A number of years ago, tragedy struck when the lives of a young married couple were taken in a car accident, leaving five young children without parents, without a home, without a clear future. Soon after the funeral, the godparents of each of the children agreed that they would take the child for whom they were godparents, a sensible plan, although not perfect, not pain free for the children.
While thanking the godparents for their generosity, the maternal grandmother of the children, although aged, said that she would take the five children and raise them because she did not want them separated from one another. She said she would give them a home where they could grow up together, which she did, giving them not only a place, but a person who loved them enough to know that the loss of their siblings would be even more grief piled upon them as they suffered through the loss of their parents.
So, with more years behind her than ahead of her, the grandmother almost single-handedly raised the five children, showing them love, keeping them together as a family, making a home for them until they were old enough to stand on their own two feet. Her heart rightly told her that the children needed a home, not just a house.
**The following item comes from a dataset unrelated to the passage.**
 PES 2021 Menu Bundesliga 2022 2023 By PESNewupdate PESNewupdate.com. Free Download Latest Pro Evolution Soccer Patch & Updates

We all yearn for that home, to be with that person who loves us, comforts us, and heals us, taking the emptiness in our heart and filling it with love, making us feel like we have–at last–a place to lay our heads peacefully, restfully, happily. That home, the Galilean Teacher tells us today, is with him. “I will come back again and take you to myself, so that where I am you also may be.” It is a promise that, we pray, with dying breath, he will not break.